Bonsor no descubrió ante los demás huéspedes su condición de arqueólogo ni sus intenciones de realizar excavaciones. Por el contrario pasó por un ingeniero “que había ido a estudiar un proyecto de instalación eléctrica en Matalascañas”. Probablemente tomó la idea de su propio padre, el ingeniero James Bonsor, quien estuvo en Andalucía trabajando en la empresa francesa de gas que instaló el alumbrado público en Cádiz y Sevilla.
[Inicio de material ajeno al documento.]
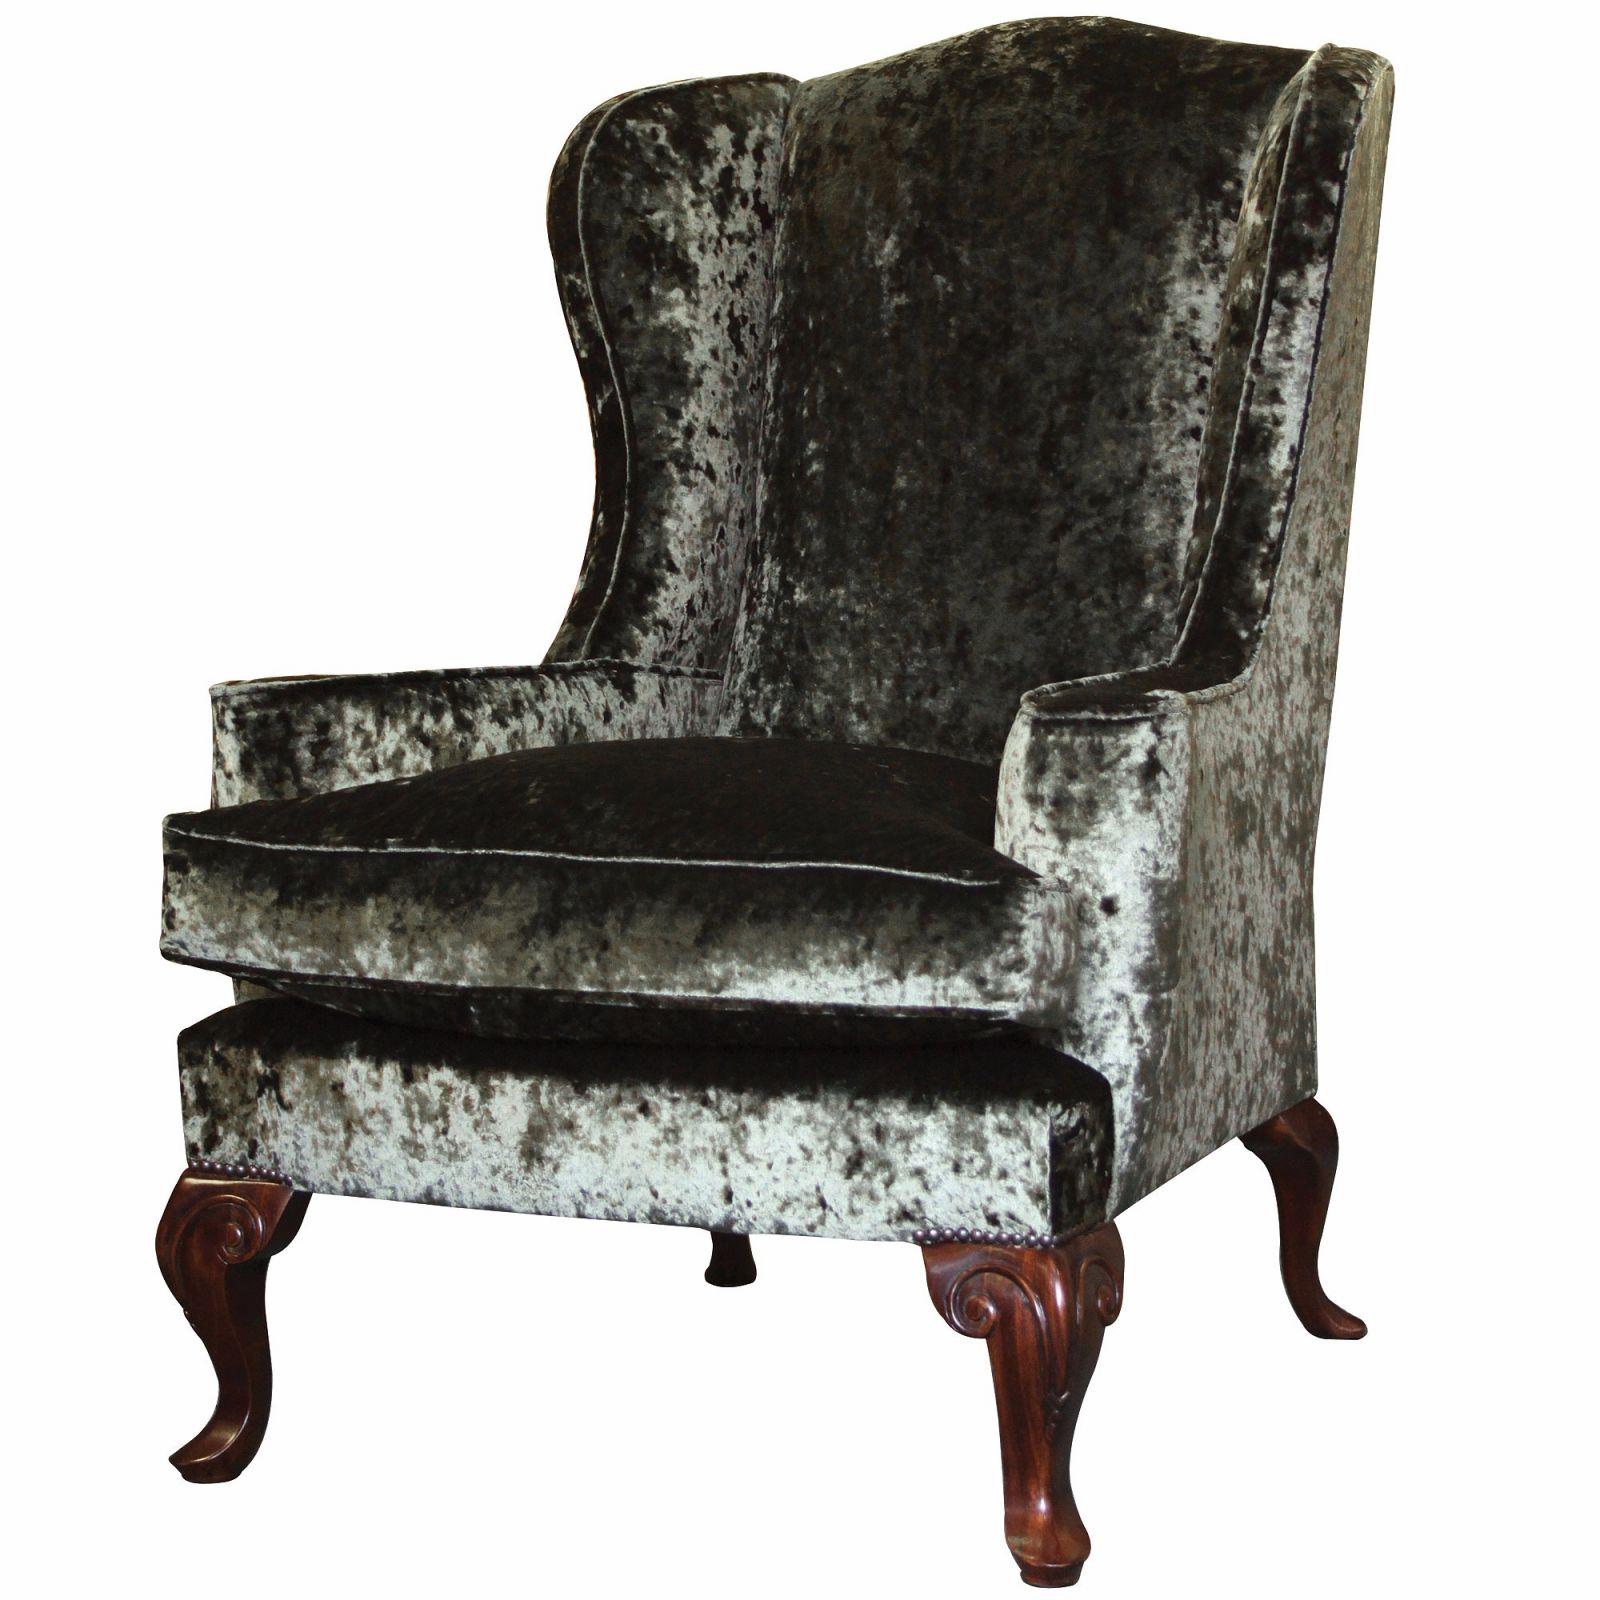 Melbury wing chair in Emerald velvet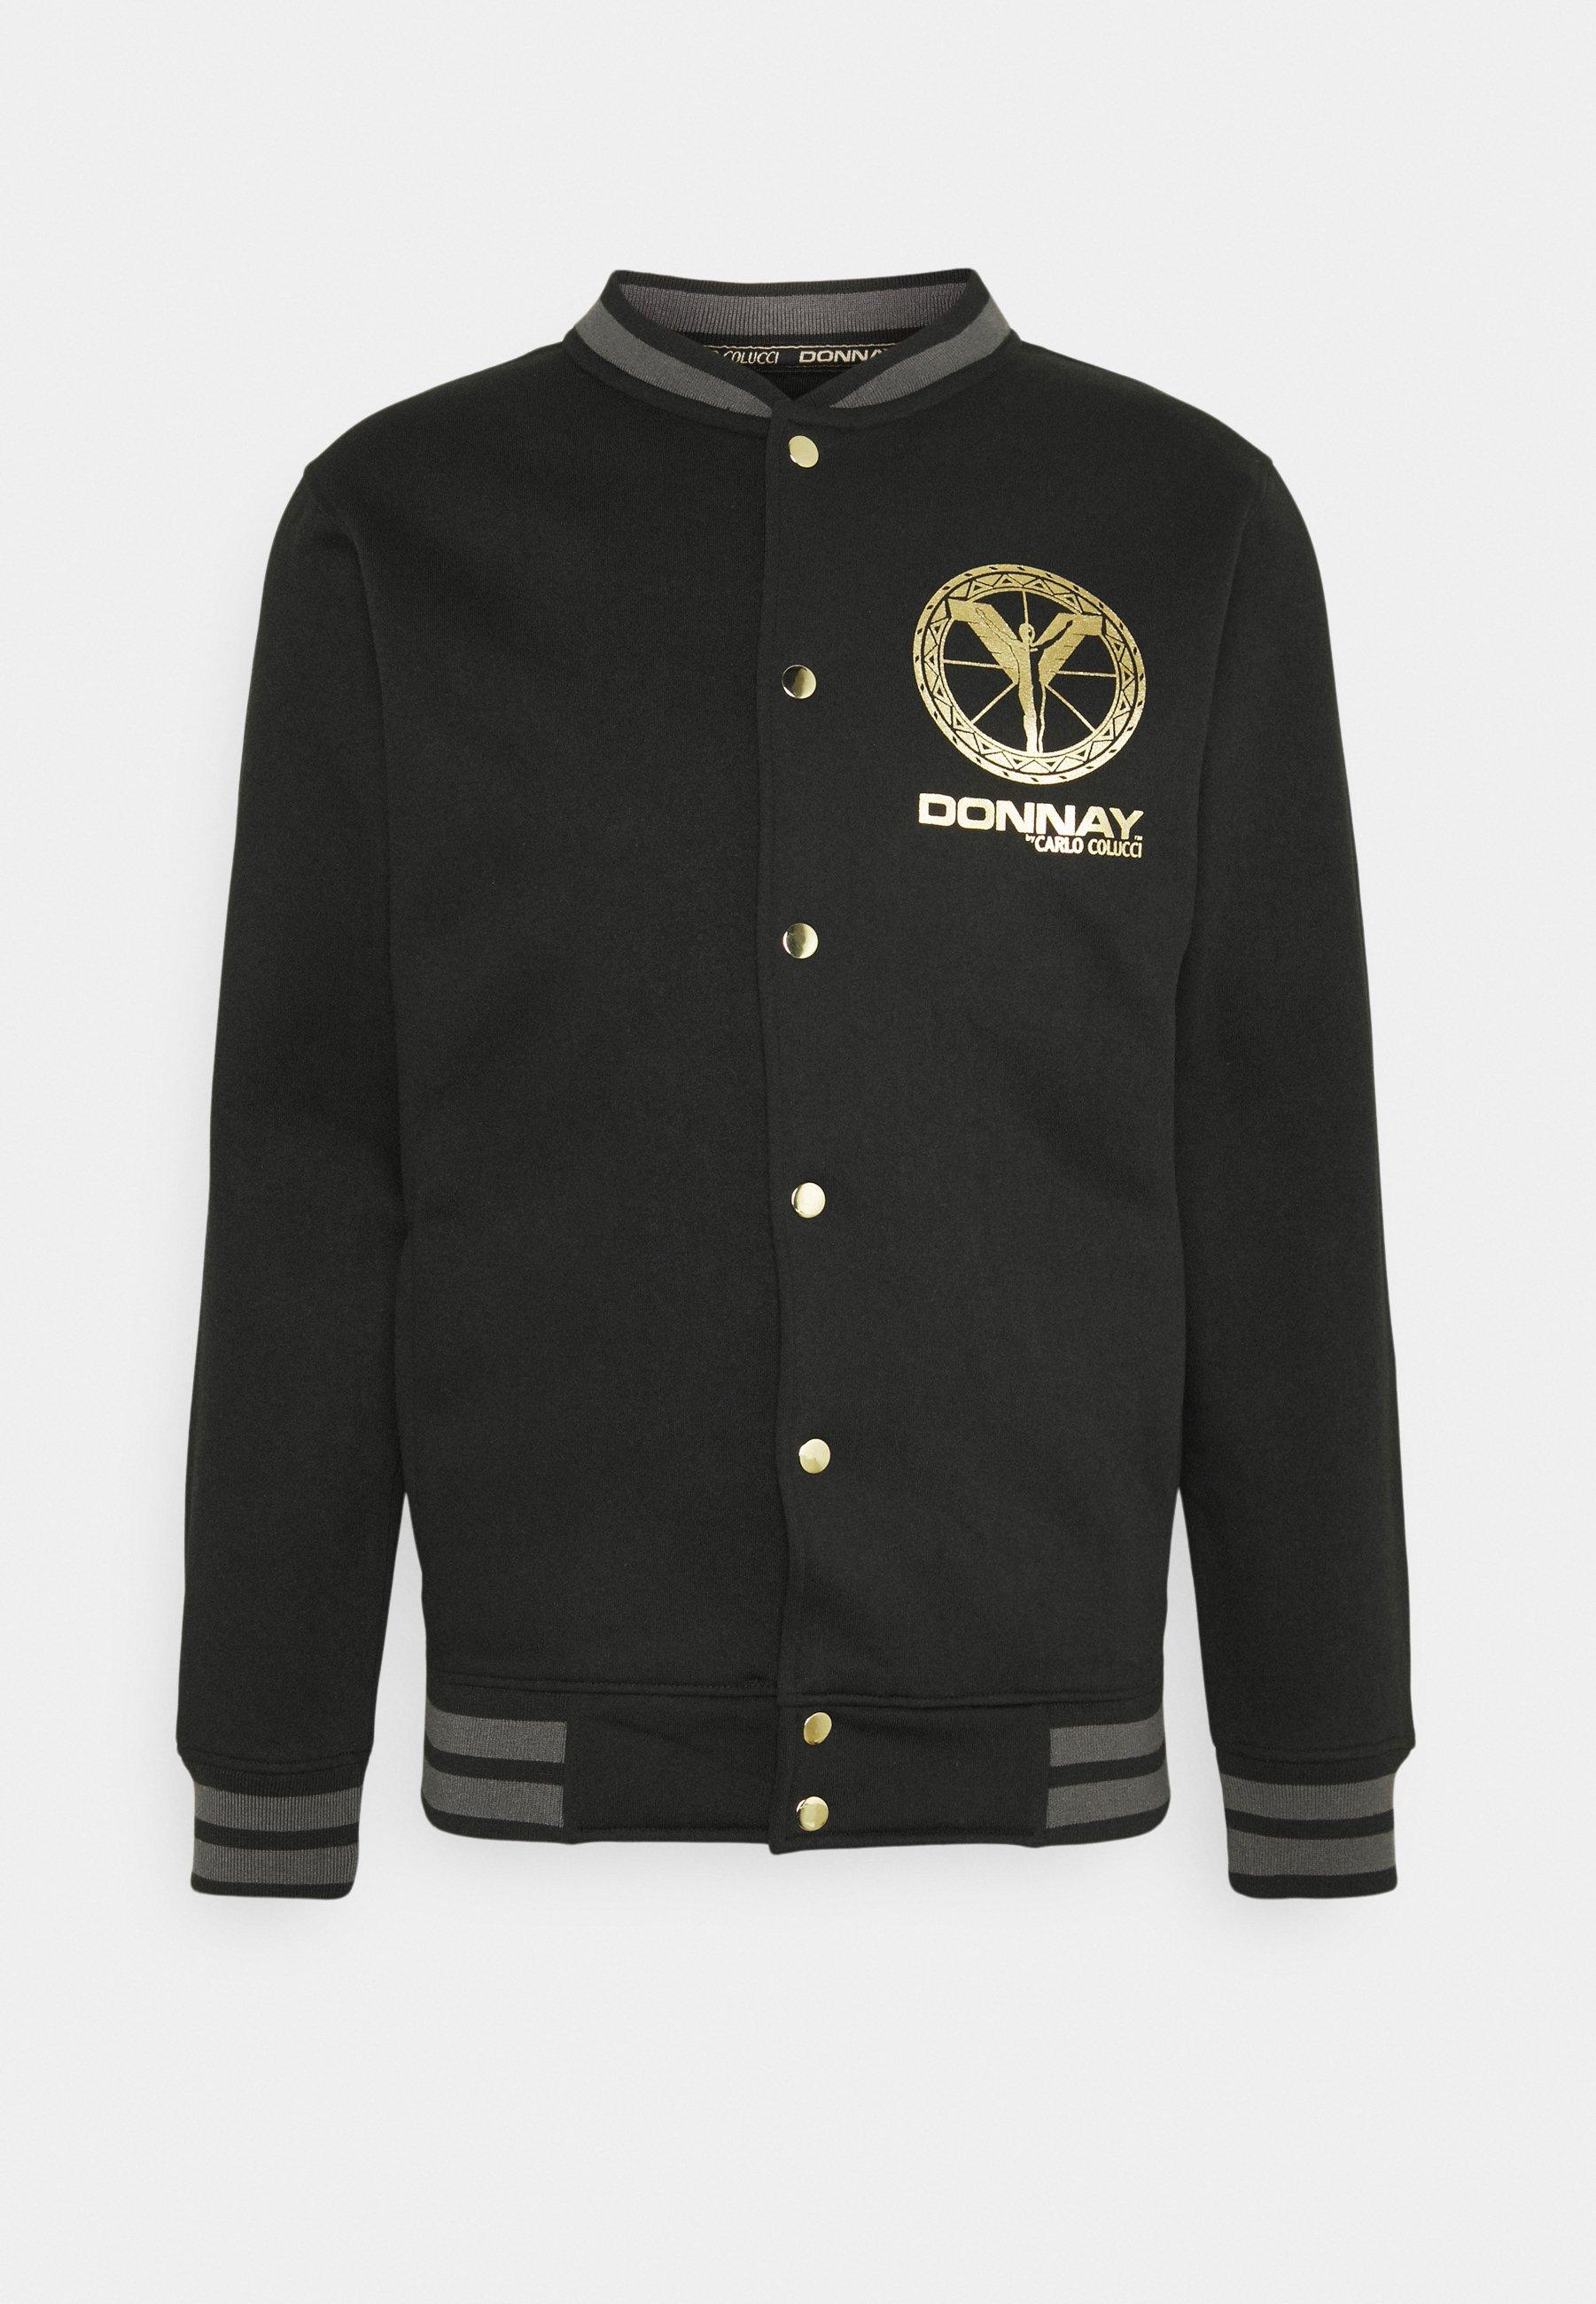 Men DONNAY X CARLO COLUCCI - Bomber Jacket

Durante su estancia, Bonsor siguió metódicamente una rutina de trabajo, como acostumbraba. Todas las mañanas salía del campamento acompañado por un carabinero para explorar la zona, atento a reconocer los indicios que le permitiesen descubrir los restos de la boca del río que marcarían, según el relato de Avieno, la situación de la ciudad de Tartessos. Comenzó explorando la playa, prosiguió con las dunas de arena paralelas a la línea de costa y posteriormente exploró las marismas del interior. Finalmente esta labor exploratoria tuvo fruto. El 18 de agosto de 1920 localizó, entre Torre de la Higuera y Matalascañas, el punto que llamó La Entrevista debido a que era el lugar donde las patrullas de carabineros se encontraban para el cambio diario de sus valijas. Era el único punto de toda la costa donde, en la época de las grandes mareas, el mar penetra en tierra formando varias lagunas. Por ello dedujo que debía ser el sitio donde desembocaba el antiguo brazo del río. Siguiendo el curso probable descubrió que pasaba por cuatro grandes charcas llamadas: Charco del Toro, Santa Olalla o La Pajarera, La Dulce y El Sopetón. Bonsor interpretó que todas estas charcas y zonas bajas señalarían el cauce seco del antiguo río que mencionaba Avieno. En esta zona, situada entre la laguna El Sopetón y la altura de Carrinchal, supuso que estaría Tartessos.
Pero Bonsor no pudo excavar en la zona, pues el duque de Tarifa, propietario del terreno, le negó el permiso y ordenó a sus guardas que le impidiesen la entrada al coto. Bonsor no se amilanó, negoció con el duque y el siguiente verano volvió a Doñana, ahora con permiso, y comenzó las excavaciones. Confirmó el trazado del cauce antiguo del río y descubrió el yacimiento romano del Montón del Trigo. Publicó estos hallazgos científicos en 1921 en el Boletín de la Real Academia de la Historia, e incluyó el relato del curioso descubrimiento de la acampada de Mata de las Cañas, una manifestación turística salvada del olvido por el arqueólogo afincado entre nosotros.